Chris Faddis (00:04):
Hey, Chris, good to talk to you.
Chris DeSimone (00:06):
Where’s Brad? I mean, I always love talking to you. How’s Brad doing? I haven’t talked to him in a while. What’s he up to?
Chris Faddis (00:11):
Doing well. He’s, yeah, he’s doing well. He’s had some challenges with his health this last year, so he is taking a little extra time, but he is doing okay.
Chris DeSimone (00:18):
Right.

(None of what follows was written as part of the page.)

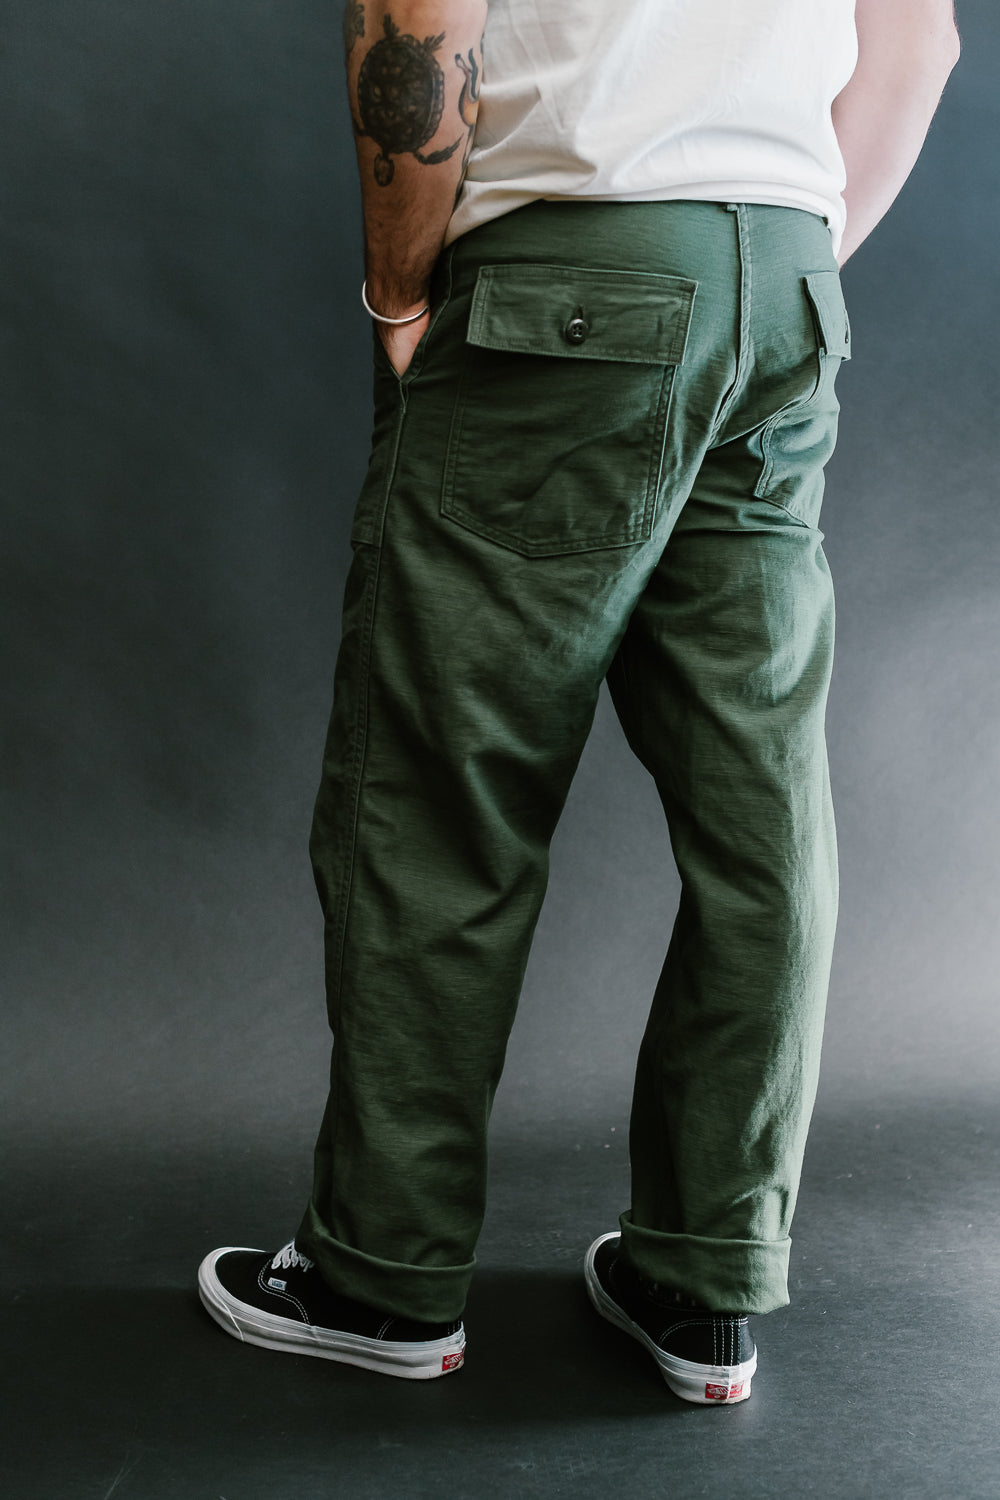 OrSlow US Army Regular Fit Fatigue Pants - Green Reverse Cotton Sateen
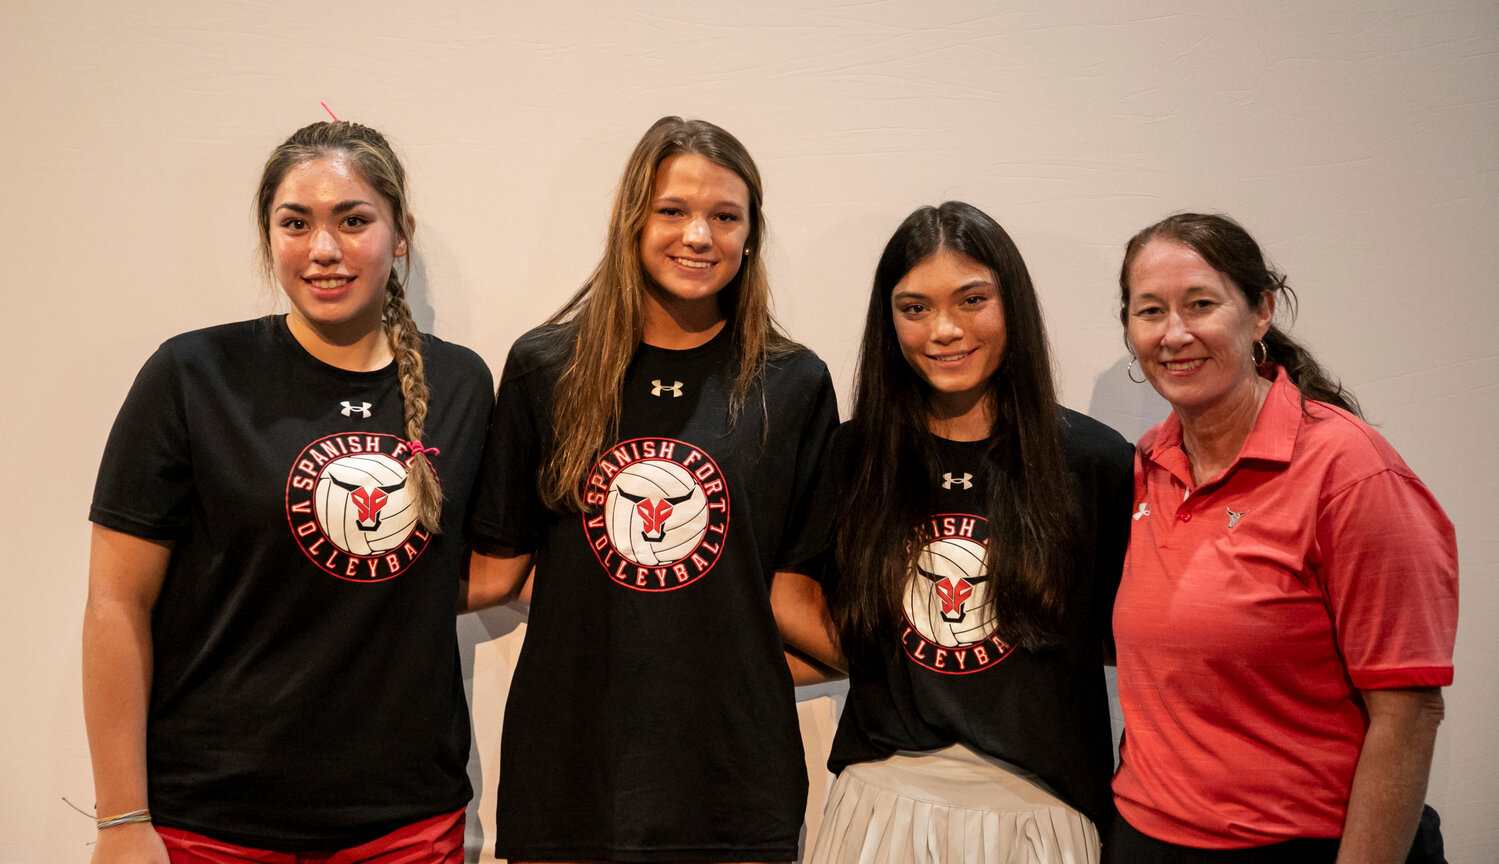 Spanish Fort’s Media Day representatives at Trojan Hall on Monday, Aug. 7, included Alexis Belarmino, Reece Varden, Mary Madison Lyles and head coach Gretchen Boykin. The Toros will look to construct a return trip to the state finals this season.

I gotta call him. I haven’t talked to him in such a long time.
Chris Faddis (00:22):
Yeah, you’ll have to catch up. He’s, he’s on the mend finally.
Chris DeSimone (00:25):
That’s good. Awesome. You’re wonderful. Don’t get me wrong, I’m not saying you’re not wonderful.
Chris Faddis (00:29):
<laugh>. No worries.
HHS Threatens Catholic Hospital
Chris DeSimone (00:31):
Um, so I saw your piece in Fox News about Biden’s war on people of faith, evident with new attacks on religious healthcare groups. So now health sharing was uh, was part of a carveout for the original Obamacare, which I believe this senile man was part of that administration in those days. What’s changed now?
Chris Faddis (00:56):
You know, they just continue, this administration just continues to make threats and attacks and continues to push the envelope on what they can do in terms of violating religious protection. And, you know, the most recent, Chris, is this situation in a hospital in Oklahoma where a third party accreditation group came in and said, ‘Hey, your sanctuary candle is a threat, you know, to safety because it’s in the same hospital as oxygen’. And it’s a third party organization. But the Biden administration, through HHS, doubled down on it and essentially threatened to take away their CMS – their Medicare designation – which would mean the hospital would lose, you know, hundreds of millions of dollars. They wouldn’t be able to serve the 400,000 patients they served. 11,000 people would lose their jobs all over a stinking sanctuary candle that was nowhere near oxygen tanks.
Chris Faddis (01:53):
You can’t even make it up. It’s just, it’s unreal. And, you know, and then they, of course, walked it back once people noticed, but it’s like, this is a continued infringement on rights over and over again. They just keep doing it. They just, somebody will walk it back and then they come back and they do it again.
Chris DeSimone (02:11):
The idea that they would go into the chapel of a place called St. Francis <laugh> and there’s a candle…
Chris Faddis (02:23):
The St. Francis sisters. Yeah. It’s just unreal. It’s unreal. You know, and you think about what an impact you, this system. It’s not like, ‘Oh, we want our rights’. And, you know, these people aren’t just trying to do something for themselves. They’re serving 400,000 people in Oklahoma. They employ 11,000 doctors, nurses, janitors, everything else, right? This is, this is real stuff. We need these people to serve the patients. They’re serving the poor, they’re doing all these things, and you’re gonna attack them over what’s in their chapel.
Little Sisters of the Poor
Chris DeSimone (02:56):
So then the other one you brought up in your piece on Fox News – we’re talking to Chris Faddis at Solidarity HealthShare.org. It was the piece talking about the Little Sisters of the Poor, right? And basically how they refused to violate church teachings because providing abortion, and their health insurance plan. How did that play out in the end?
Chris Faddis (03:17):
Well, you know, it played out in court over and over again. They walked it back, it went away, then they went back to court. I mean, it’s just continued to be an issue. I think there’s another case now with the Little Sisters as well, for some reason. They’ve just, you know, they put them in their crosshairs. But if you remember Chris, when the Affordable Care Act came out, when they finally came out with all the regulations around it, the HHS said contraceptives and sterilizations and abortion, all these things had to be part of the [insurance] plans.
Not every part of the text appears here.